Большую комнату занимает мичман, завскладом автономного пайка, Юра. Его двадцатилетняя жена Наташа счастлива: муж что ни вечер — «море на замок» и домой.

В коридоре вместо звонка приспособлен лодочный ревун, притащенный Юрой с базы. Между ударником и чашкой проложен кусок газеты, но всякий раз ревунная трель подбрасывает меня на койке.

Дом стар. Половицы продавливаются, как клавиши огромного рояля. За хилой перегородкой — общий ватерклозет. Унитаз желт, словно череп доисторического животного, он громко рычит и причмокивает.

Чтобы попасть ко мне, надо идти через кухню, навечно пропахшую жареной рыбой и земляничным мылом. Но все это, как говорит наш старпом, брызги. Потому что комната в Северодаре — это много больше, чем просто жилье. Это куб тепла и света, выгороженный в лютом холоде горной тундры. В этом кубе теплого света — или светлого тепла — можно расхаживать без шинели и шапки, можно писать без перчаток, играть на гитаре, принимать друзей, встречать любимую…
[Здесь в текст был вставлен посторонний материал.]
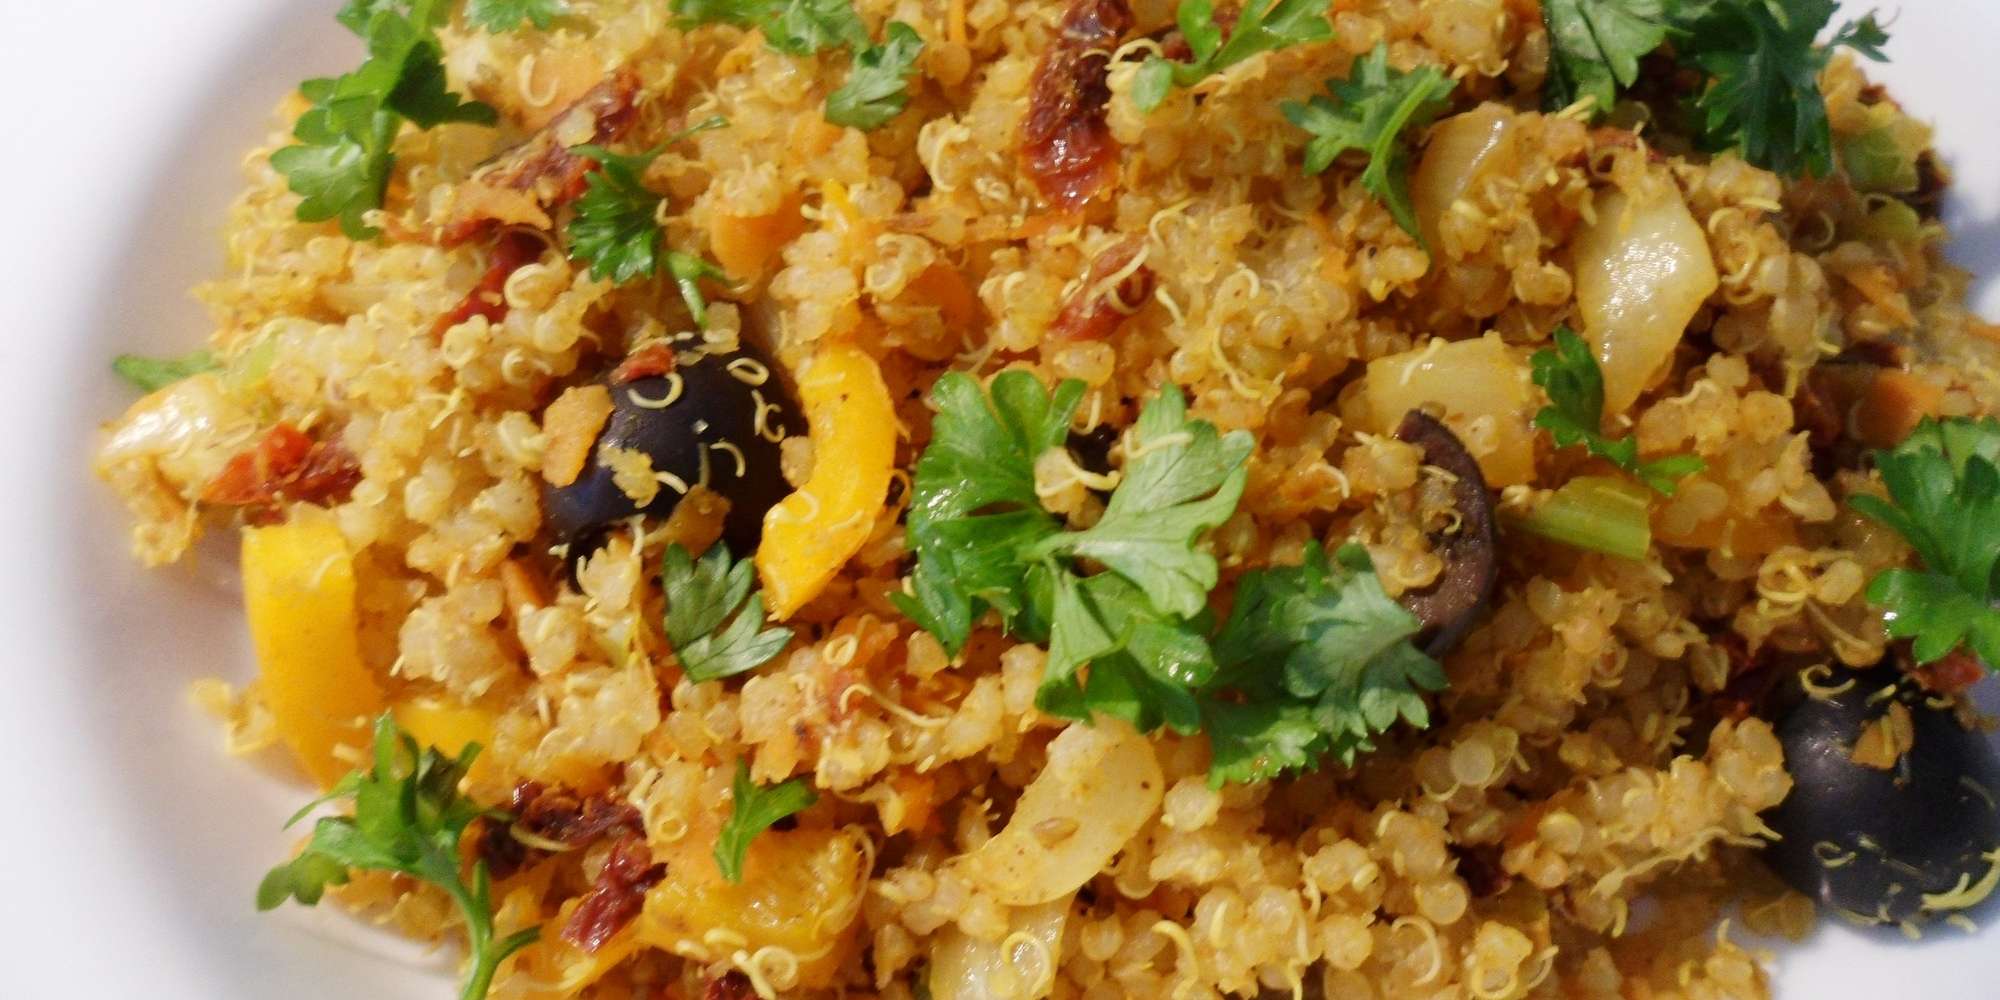 Moroccan Inspired Quinoa
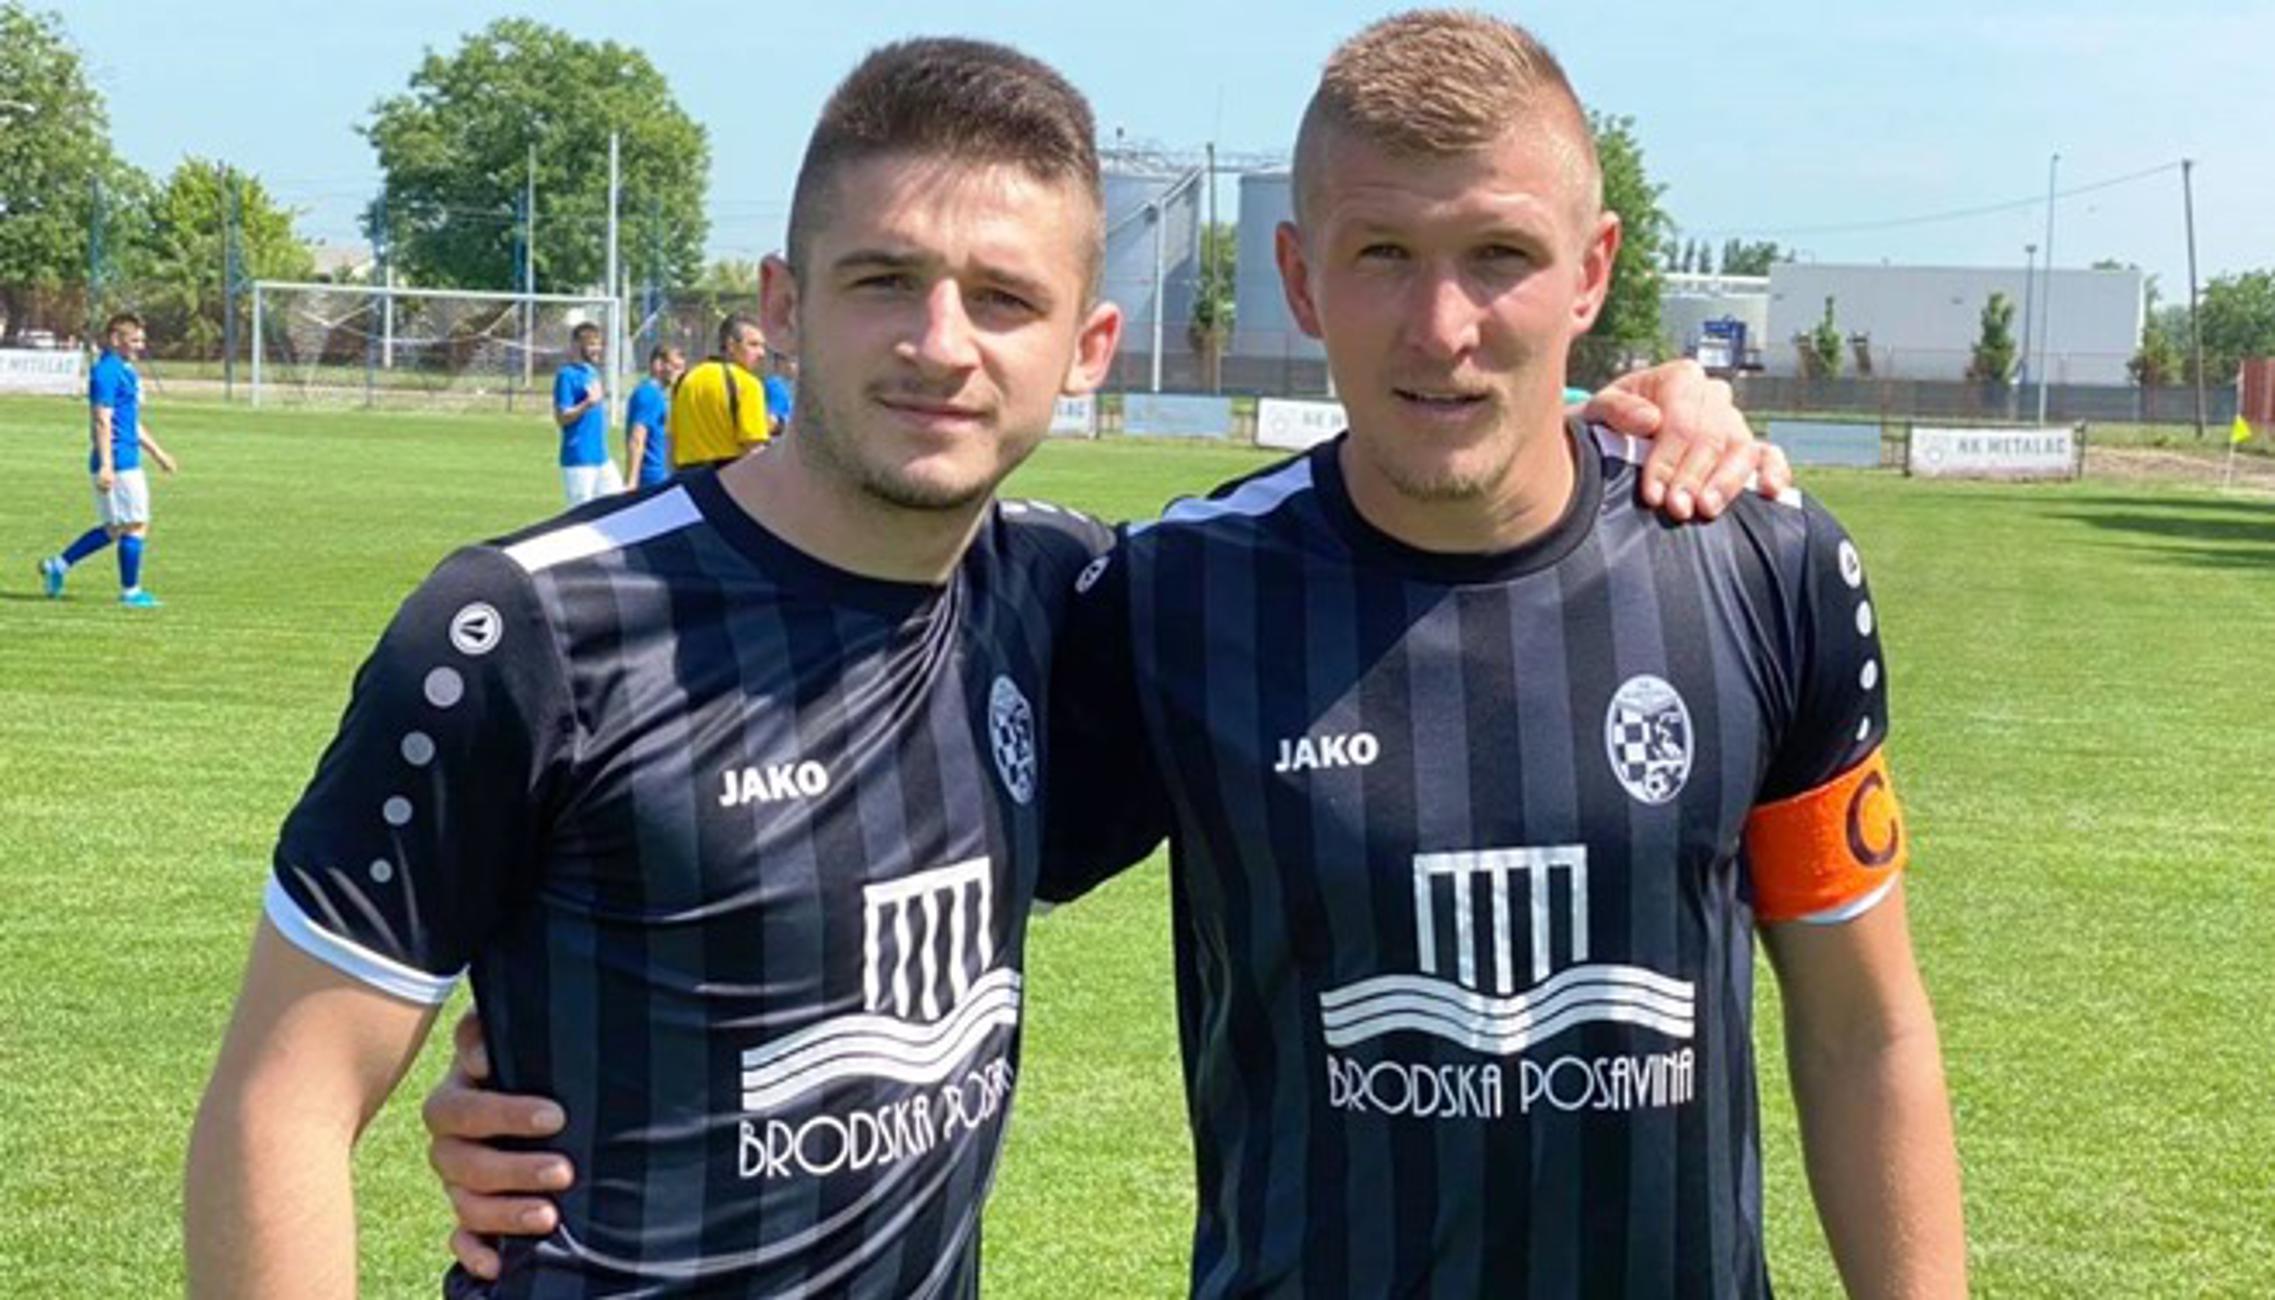 Mirković i Balentović i ostali njihovi suigrači pripremaju se za kvalifikacije.

Впервые в жизни у меня была своя комната, и я чувствовал себя владельцем полуцарства. Вернешься с моря, забежишь на вечерок, ужаснешься диковинной оранжевой плесени, взошедшей на забытом бутерброде, порадуешься тому, что стол стоит прочно и тебя не сбрасывает со стула и не швыряет на угол шкафа, и с наслаждением вытянешься в полный рост на койке; пальцы ног не упираются в переборку, за ними ещё пространства — ого-го! А утром снова выход в полигон, или на мерную милю, или на рейдовые сборы, или на торпедные стрельбы, или на минные постановки…

Кто не ходил в моря через день, тот не знает, что за счастье — эти короткие вылазки в город. Как все прекрасно и заманчиво в этой недосягаемой береговой жизни, как все в ней удобно, интересно, соблазнительно!.. Любые земные проблемы кажутся малостью, ибо настоящие опасности, настоящие беды — кто из подводников так не считает? — подстерегают человека там, в океане, на глубине… И нечего заглядываться на берег! Северодар устроен мудро, устроен так, чтобы мы могли выходить в море легко и свободно, ни за что не цепляясь, — как выходит торпеда из гладкой аппаратной трубы.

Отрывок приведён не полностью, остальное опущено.